Armless sentient creatures?

i know they wouldn’t be able to hold stuff in hands but couldent they hold them in thier tail or mouth or something like that

In Spore creatures just hold things with their mouths so…

Would they be able to efficiently use tools? That’s kind of an important evolutionary step towards space technology.

3 Likes

Birds like parrots are able to hold some things with their feet, so that may work for some creatures.

As long as it can manipulate objects it should work

2 Likes

You can use tentacles

@PositiveTower if I ripped out your bones are your hands still hands?

1 Like

Is… Is that a threat?

2 Likes

No, I just wanted to tell him that tentacles are hands without bones.

I’m on mobile but if anyone can scrounge up my thread on the old forum on sapience, you can find that it sort of addressed this

You mean this thread? Because there wasn’t really a final conclusion about manipulatory limbs, just people that thought “hands” meant literal human hands and suggesting tentacles and such as counter-argument, and you responding with “ffs I didn’t mean literal human hands, just ways to manipulate the environment”

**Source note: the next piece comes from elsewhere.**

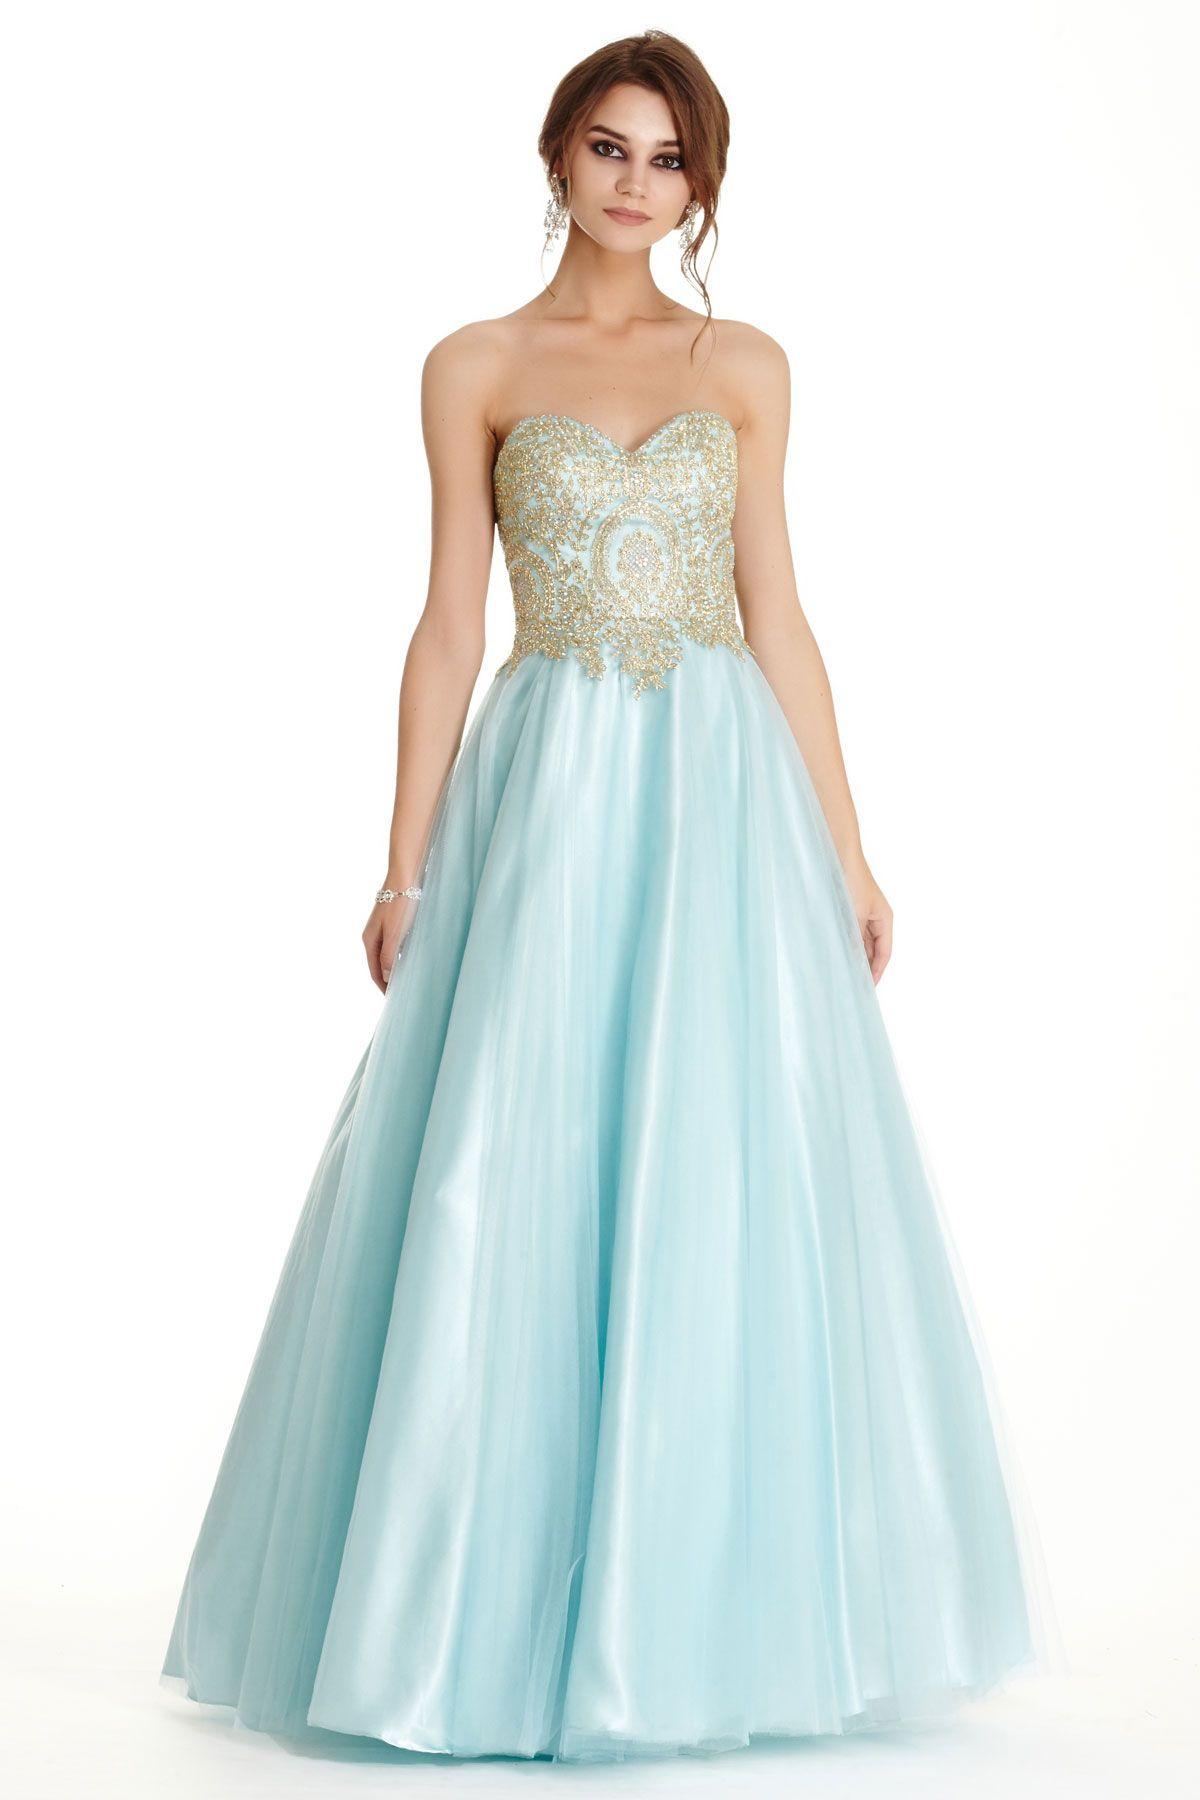 Prom Dress APL1885 https://www.smcfashion.com/wholesale-prom-dresses ...

what about prehensile tails?

That could work, just matters how easily it can use tools

the real question is how well they can make tools

FYI ffs means for funnies sake

move things with your mind powers
:smiley:
1 Like

One cool idea someone had ages ago was that when you’re making a creature you have to put a bit of brain in to control any controllable part. So a flipper might need a small motor control area devoted to it, a hand might need a lot more, eyes would need loads. You could even upgrade the part by upgrading the brain.

Would make it an interesting tradeoff, for example if you stay armless you can afford to spend more brains on other stuff, like amazing vision and language skills or something. If you choose to have 20 arms with hands on each one that means you need a mega brain just to control them all which costs loads of calories to run making things hard.

Not sure if we’ll go down that route, sounds interesting I think.

4 Likes

Don’t octopi have neurons in their “arms” that reduce the load on their central brain? Something like that would be cool. Though, still the neurons would take the same amount of energy to operate, no matter where they are.

Am I the only one who saw this and immediately thought of elephants? They have a very powerful yet delicate trunk, which is capable of precise movement. I can imagine a society of smart elephant villages.

1 Like

Yeah I think they do have distributed arm control. It’s really interesting, I guess they just send the idea of what they want the tentacle to do and then hope it does it vaguely right.

I guess we have a bit of the same thing with autonomous reflexes.